Boris Johnson has vowed to pass laws to make it easier to deport Channel migrants from Britain, as the French warned there was nothing they could do to stop the wave.
Home Secretary Priti Patel and new "small boats commander" Dan O'Mahoney spent the morning at Dover ahead of talks to get the French to help crack down on migrants.
The Prime Minister said it was time to “look at the legal framework that we have that means that when people do get here, it is very, very difficult to then send them away again even though blatantly they've come here illegally."
Currently Britain's struggling Border Force must escort boats to the UK if they get into trouble in British waters, but ministers want to cut a deal with France to allow them to be returned instantly to Calais.
Mr Johnson hit out after the town's bungling MP taunted the Royal Navy, saying our boys are powerless to stop small boats crossing the Channel.
It comes after a dinghy packed with 20 Syrian migrants arrived on the shores of Dover this morning.
The Department of Defence announced they were sending in the RAF to help deal with the growing crisis of migrants coming in across the Channel.
The UK and France are set to hold talks on Tuesday on how to stop the flow of migrants making the perilous journey across the Channel to get to Britain.
At least 565 migrants crossed the Channel between Thursday and Sunday and more than 4,000 have made the journey so far this year – more than the whole of 2019.
'Dozens of crossings a day'
Home Secretary Priti Patel said last week the UK would make sure the Channel route was "unviable" but demanded the French step in and help.

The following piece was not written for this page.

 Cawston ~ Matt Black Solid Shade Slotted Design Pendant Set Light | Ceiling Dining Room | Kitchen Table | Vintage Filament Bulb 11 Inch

Ms Patel visited Dover this morning alongside Dan O'Mahoney, the ex-marine spearheading the effort to stop smuggling gangs organising for the illegal boats to cross the Channel.
After it emerged the French authorities have stopped just 810 migrants this year, Pierre-Henri Dumont complained they “are already trying to do whatever we can, but if you've got dozens of crossings a day, that's very difficult for us to stop a boat.”
He added: "It only takes five minutes to have a small boat at sea full with migrants, with a coast of 300km to monitor”
And he attacked “political measures” like threats to deploy the Navy.
But hitting back Mr Johnson said: "There's no doubt that it would be helpful if we could work with our French friends to stop them getting over the Channel."
Speaking on a school visit in East London, the PM added: "Be in no doubt what's going on is the activity of cruel and criminal gangs who are risking the lives of these people taking them across the Channel, a pretty dangerous stretch of water in potentially unseaworthy vessels.
"We want to stop that working with the French, make sure that they understand that this isn't a good idea, this is a very bad and stupid and dangerous and criminal thing to do.
Mr Dumont also sparked fury by suggesting the Navy could sink migrant boats to stop them getting into UK waters.
The gobby French MP said: “What is the British navy going to do if it sees a small boat? Is it going to shoot the boat? Is it going to enter French waters? It's a political measure to show some kind of muscle but technically speaking it won't change anything."
But British government insiders slammed the incendiary comments, branding them “dangerous nonsense.”
Dover's MP hit back at her Calais counterpart's comments, dismissing them as "silly".
Tory Natalie Elphicke said: "We wouldn't be having this discussion at all if the French actually stopped these boats leaving in the first place."
She told The Sun "When any boats are found in the water, they must be turned round and taken back to France. No ifs, no buts."
Immigration Minister Chris Philp said last week the French needed step up their efforts to stop migrants getting in boats to the UK.
He wrote in The Telegraph: "France is a safe country, so I share the anger and frustration of the public. This situation simply cannot go on."
“We intend to return as many migrants who have arrived as possible.
“There are return flights planned in the coming days.”
He said the UK would also track down and proscute people smugglers – 22 have already been jailed this year, and two more have been charged recently.